1Bioinformatics Interdepartmental Program, University of California, Los Angeles, Los Angeles, CA 90095 USA.
2Department of Biological Chemistry, University of California, Los Angeles, Los Angeles, CA 90095 USA.
Commun Biol. 2019 Jul 2;2:248. doi: 10.1038/s42003-019-0488-1. eCollection 2019.
Comparative genomics sequence data is an important source of information for interpreting genomes. Genome-wide annotations based on this data have largely focused on univariate scores or binary elements of evolutionary constraint. Here we present a complementary whole genome annotation approach, ConsHMM, which applies a multivariate hidden Markov model to learn de novo 'conservation states' based on the combinatorial and spatial patterns of which species align to and match a reference genome in a multiple species DNA sequence alignment. We applied ConsHMM to a 100-way vertebrate sequence alignment to annotate the human genome at single nucleotide resolution into 100 conservation states. These states have distinct enrichments for other genomic information including gene annotations, chromatin states, repeat families, and bases prioritized by various variant prioritization scores. Constrained elements have distinct heritability partitioning enrichments depending on their conservation state assignment. ConsHMM conservation states are a resource for analyzing genomes and genetic variants.

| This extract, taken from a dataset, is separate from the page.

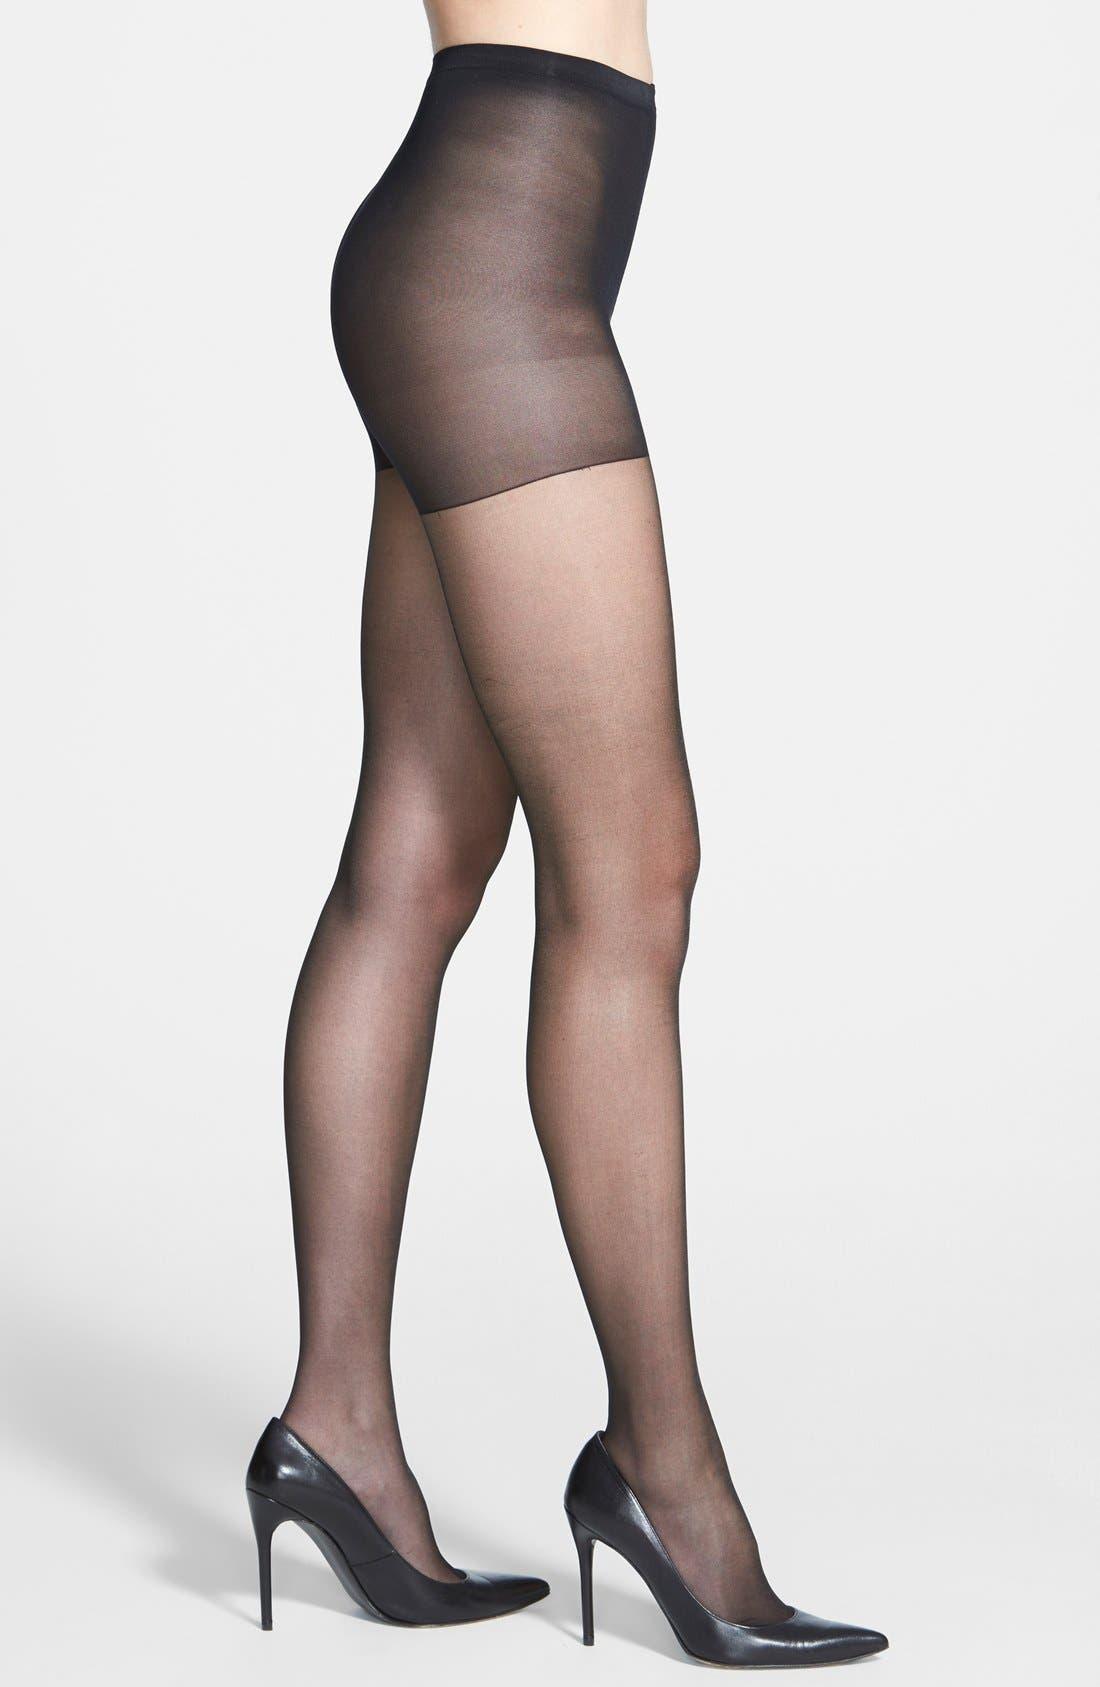 Shimmer Sheer Control Top Pantyhose,                         Main,                         color, Black

比较基因组序列数据是解释基因组的重要信息来源。基于这些数据的全基因组注释主要集中在单变量分数或进化约束的二进制元素上。在这里,我们提出了一种互补的全基因组注释方法 ConsHMM,它应用多变量隐马尔可夫模型来学习基于组合和空间模式的新的“保守状态”,这些模式基于多物种 DNA 序列比对中物种与参考基因组的对齐和匹配。我们将 ConsHMM 应用于 100 种脊椎动物序列比对,以单核苷酸分辨率将人类基因组注释为 100 种保守状态。这些状态在其他基因组信息(包括基因注释、染色质状态、重复家族和各种变体优先级得分优先的碱基)方面有明显的富集。根据保守状态分配,受约束的元素具有不同的遗传分割富集。ConsHMM 保守状态是分析基因组和遗传变异的资源。